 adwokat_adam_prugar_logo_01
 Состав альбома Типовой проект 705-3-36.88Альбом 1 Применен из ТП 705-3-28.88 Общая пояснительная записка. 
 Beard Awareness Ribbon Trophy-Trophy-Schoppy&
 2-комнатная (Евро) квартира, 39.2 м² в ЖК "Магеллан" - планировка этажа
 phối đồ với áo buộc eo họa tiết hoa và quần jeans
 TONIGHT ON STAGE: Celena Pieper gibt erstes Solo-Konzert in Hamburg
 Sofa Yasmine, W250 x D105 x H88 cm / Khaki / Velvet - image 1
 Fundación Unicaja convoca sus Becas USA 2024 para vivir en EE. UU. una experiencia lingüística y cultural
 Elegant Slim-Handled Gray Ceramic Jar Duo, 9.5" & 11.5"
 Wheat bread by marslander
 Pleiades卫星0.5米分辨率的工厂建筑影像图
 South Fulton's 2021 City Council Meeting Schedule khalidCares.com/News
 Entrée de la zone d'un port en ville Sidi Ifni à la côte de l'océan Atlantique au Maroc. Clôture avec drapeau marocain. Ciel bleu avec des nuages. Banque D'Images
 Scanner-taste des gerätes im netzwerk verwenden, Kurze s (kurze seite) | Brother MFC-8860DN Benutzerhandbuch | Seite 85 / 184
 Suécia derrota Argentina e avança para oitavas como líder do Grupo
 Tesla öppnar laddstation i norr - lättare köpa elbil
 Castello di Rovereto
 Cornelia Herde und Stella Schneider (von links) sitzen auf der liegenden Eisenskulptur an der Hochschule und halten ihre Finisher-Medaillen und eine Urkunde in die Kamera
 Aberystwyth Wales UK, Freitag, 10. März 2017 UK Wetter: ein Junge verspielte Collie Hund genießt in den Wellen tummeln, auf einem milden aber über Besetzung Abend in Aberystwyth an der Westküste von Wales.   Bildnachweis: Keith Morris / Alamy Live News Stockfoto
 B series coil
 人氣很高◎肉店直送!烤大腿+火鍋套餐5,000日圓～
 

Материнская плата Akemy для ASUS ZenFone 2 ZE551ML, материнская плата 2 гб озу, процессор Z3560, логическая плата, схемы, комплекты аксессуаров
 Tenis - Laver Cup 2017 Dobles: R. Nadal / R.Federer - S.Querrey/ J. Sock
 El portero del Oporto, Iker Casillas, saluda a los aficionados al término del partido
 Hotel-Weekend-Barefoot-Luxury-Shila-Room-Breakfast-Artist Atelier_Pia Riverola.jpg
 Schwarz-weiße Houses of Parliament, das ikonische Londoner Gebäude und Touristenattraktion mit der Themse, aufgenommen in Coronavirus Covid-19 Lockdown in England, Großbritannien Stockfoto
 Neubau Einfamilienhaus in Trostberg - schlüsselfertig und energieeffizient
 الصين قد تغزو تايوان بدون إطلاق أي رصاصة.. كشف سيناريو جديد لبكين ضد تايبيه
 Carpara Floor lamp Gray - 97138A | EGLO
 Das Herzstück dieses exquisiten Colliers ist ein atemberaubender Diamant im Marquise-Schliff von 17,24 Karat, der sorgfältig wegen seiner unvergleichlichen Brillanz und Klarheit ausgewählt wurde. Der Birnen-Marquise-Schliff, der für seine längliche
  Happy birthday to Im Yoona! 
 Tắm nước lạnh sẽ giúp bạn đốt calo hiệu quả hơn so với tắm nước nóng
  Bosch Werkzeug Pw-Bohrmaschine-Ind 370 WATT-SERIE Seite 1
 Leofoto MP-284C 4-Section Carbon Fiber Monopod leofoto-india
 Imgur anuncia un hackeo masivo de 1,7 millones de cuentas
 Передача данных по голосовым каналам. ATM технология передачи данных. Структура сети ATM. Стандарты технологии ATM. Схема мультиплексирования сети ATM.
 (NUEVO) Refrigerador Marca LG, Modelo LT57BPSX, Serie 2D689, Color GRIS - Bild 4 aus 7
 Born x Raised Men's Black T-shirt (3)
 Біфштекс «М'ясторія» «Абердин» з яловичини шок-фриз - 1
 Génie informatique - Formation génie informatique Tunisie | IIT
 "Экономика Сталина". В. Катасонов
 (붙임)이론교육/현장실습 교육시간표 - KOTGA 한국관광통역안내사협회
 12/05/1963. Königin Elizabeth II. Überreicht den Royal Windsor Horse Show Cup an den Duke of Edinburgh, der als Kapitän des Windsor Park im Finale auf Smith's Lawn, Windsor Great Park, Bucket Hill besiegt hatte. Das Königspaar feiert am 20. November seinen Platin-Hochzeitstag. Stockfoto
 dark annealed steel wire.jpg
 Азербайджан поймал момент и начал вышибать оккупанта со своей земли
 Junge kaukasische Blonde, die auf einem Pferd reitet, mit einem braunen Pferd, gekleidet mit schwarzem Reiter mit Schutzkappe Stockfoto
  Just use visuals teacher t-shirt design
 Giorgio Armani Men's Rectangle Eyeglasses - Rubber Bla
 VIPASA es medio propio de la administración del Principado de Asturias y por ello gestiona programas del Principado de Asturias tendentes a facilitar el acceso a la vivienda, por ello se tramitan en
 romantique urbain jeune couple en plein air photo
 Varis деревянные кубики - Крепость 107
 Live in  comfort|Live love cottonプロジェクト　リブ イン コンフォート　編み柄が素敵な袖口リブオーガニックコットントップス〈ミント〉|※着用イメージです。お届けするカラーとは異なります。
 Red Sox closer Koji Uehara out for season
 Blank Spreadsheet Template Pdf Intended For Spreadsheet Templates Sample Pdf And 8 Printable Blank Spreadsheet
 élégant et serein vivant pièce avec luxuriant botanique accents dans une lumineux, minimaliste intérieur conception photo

* **What to do**
Filter the listing down to the lines holding the word "Live", and return those.

* **Answer**
 Aberystwyth Wales UK, Freitag, 10. März 2017 UK Wetter: ein Junge verspielte Collie Hund genießt in den Wellen tummeln, auf einem milden aber über Besetzung Abend in Aberystwyth an der Westküste von Wales.   Bildnachweis: Keith Morris / Alamy Live News Stockfoto
 Live in  comfort|Live love cottonプロジェクト　リブ イン コンフォート　編み柄が素敵な袖口リブオーガニックコットントップス〈ミント〉|※着用イメージです。お届けするカラーとは異なります。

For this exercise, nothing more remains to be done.